*Your assignment*
Exactly the lines from the one containing "Arcam DV27 manual" through the end of the data, and nothing more, should be retyped; pictures stay out.

*The data*
============================================================
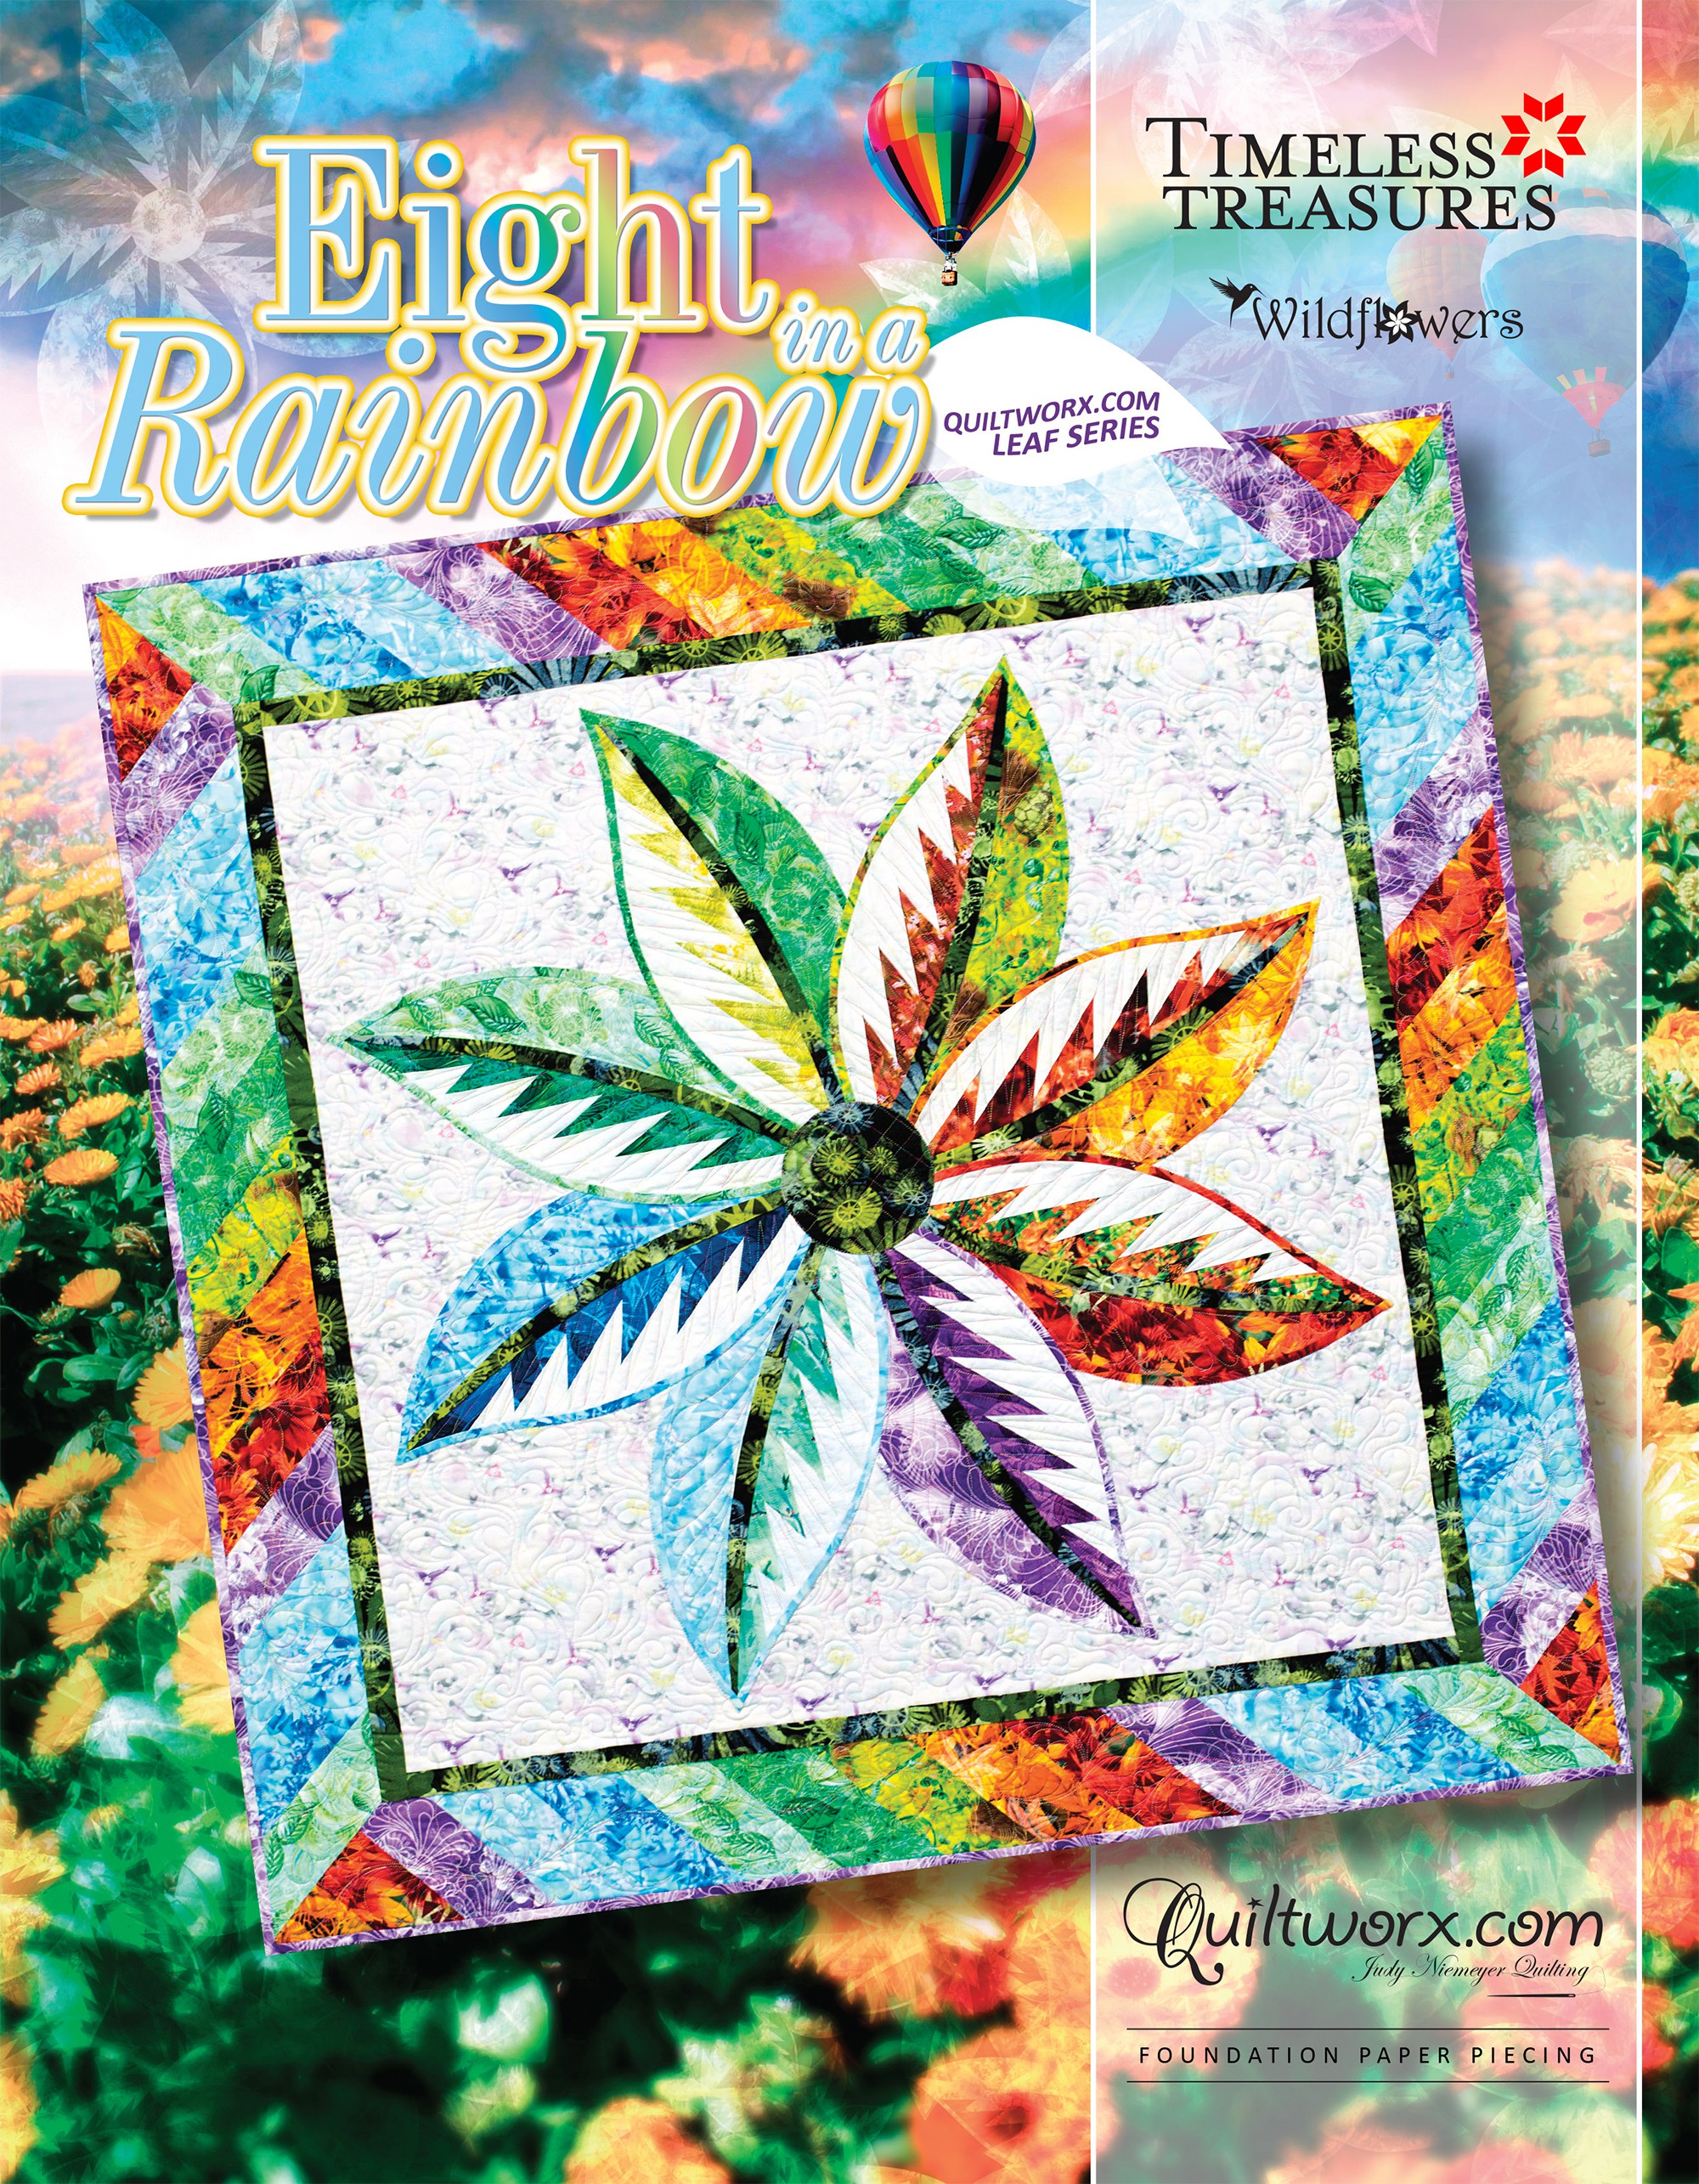 New Quiltworx Stained Glass Window Quilt Pattern and Piecing Papers 
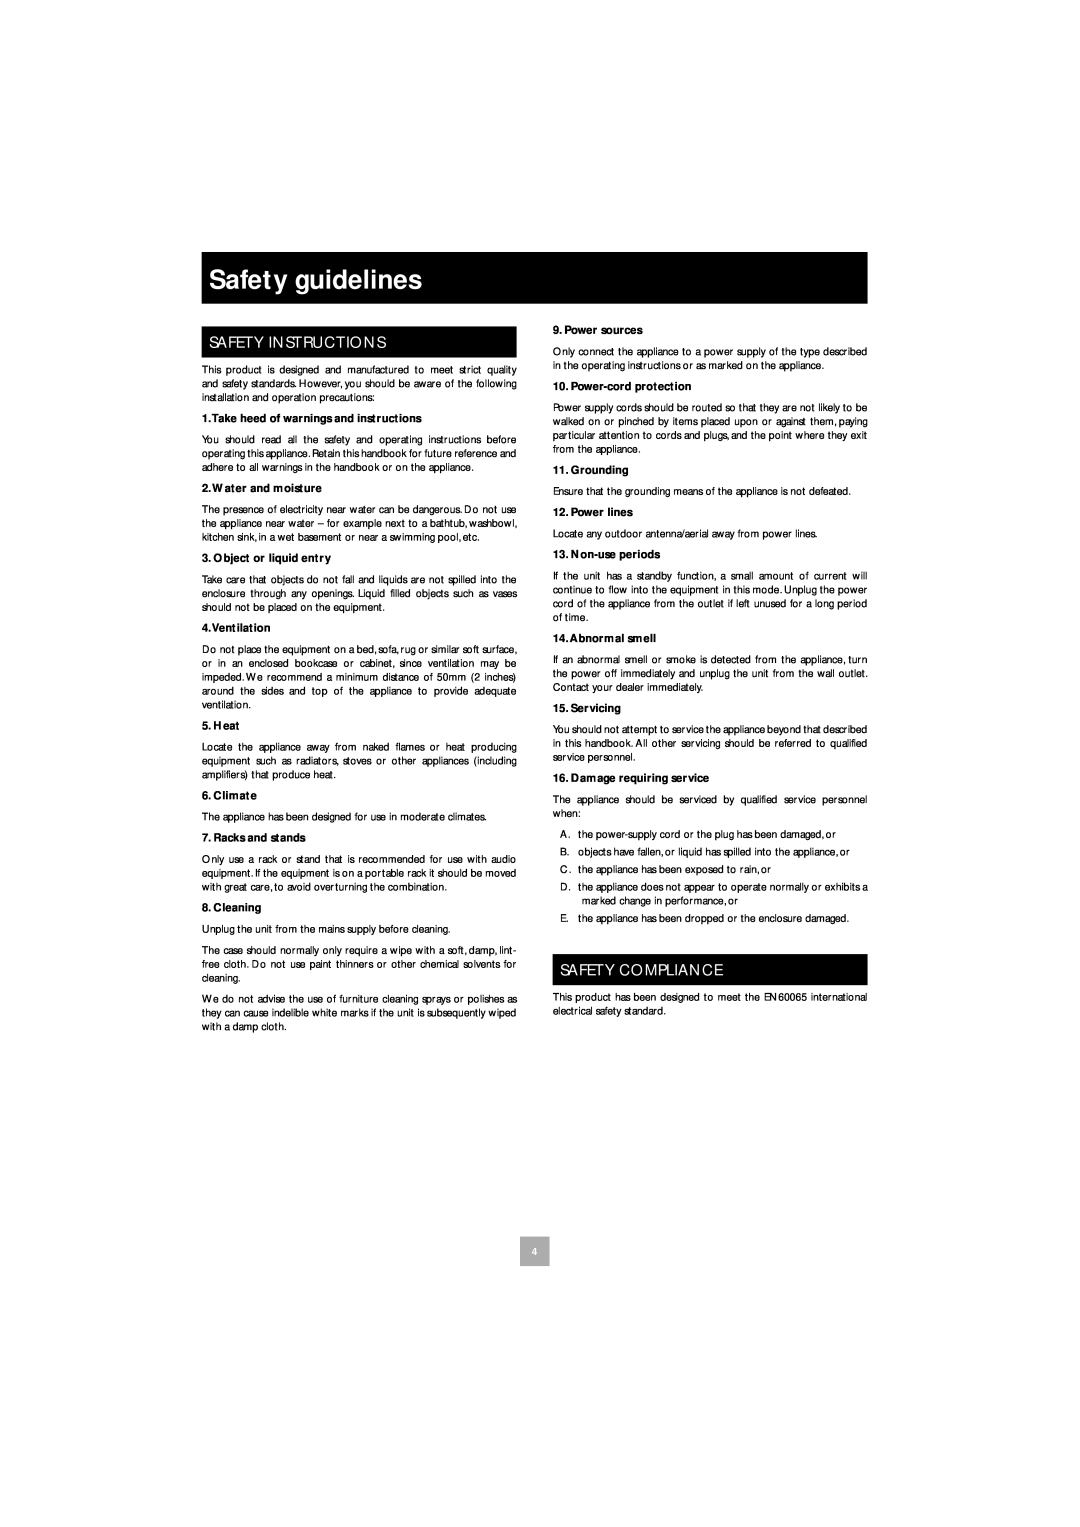 Arcam DV27 manual Safety guidelines, Safety Instructions, Safety Compliance 
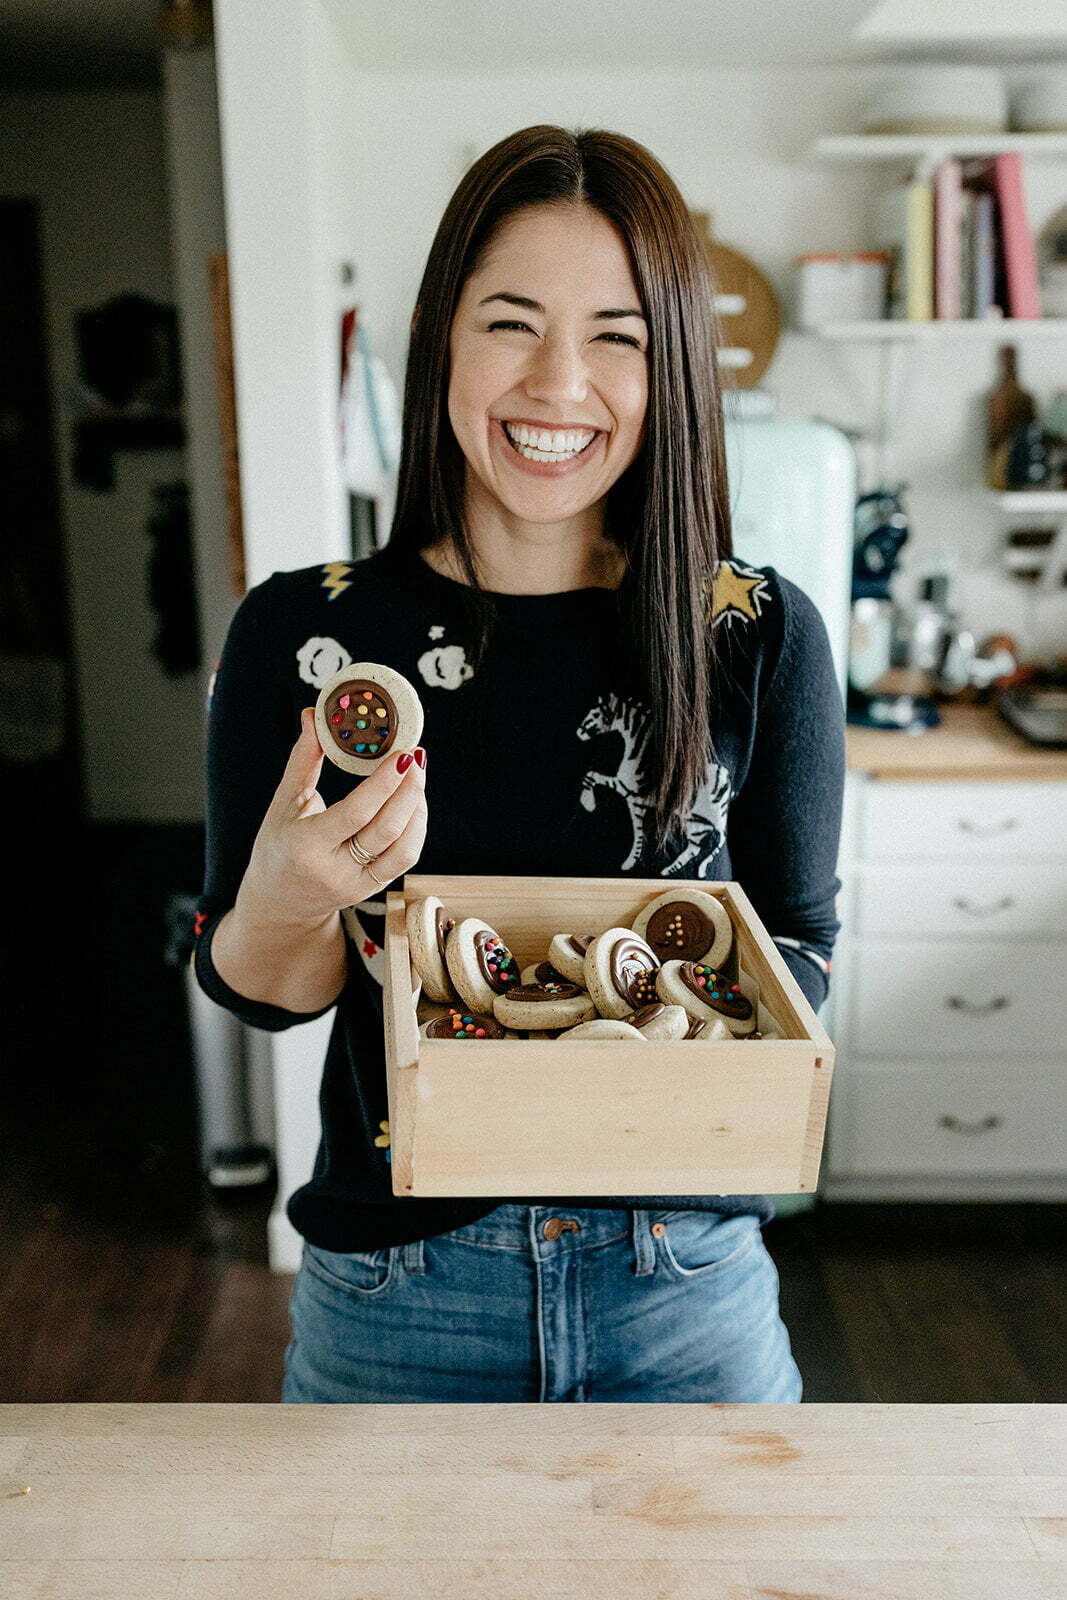 molly yeh book tour dates
============================================================
*Task output*
 Arcam DV27 manual Safety guidelines, Safety Instructions, Safety Compliance 
 molly yeh book tour dates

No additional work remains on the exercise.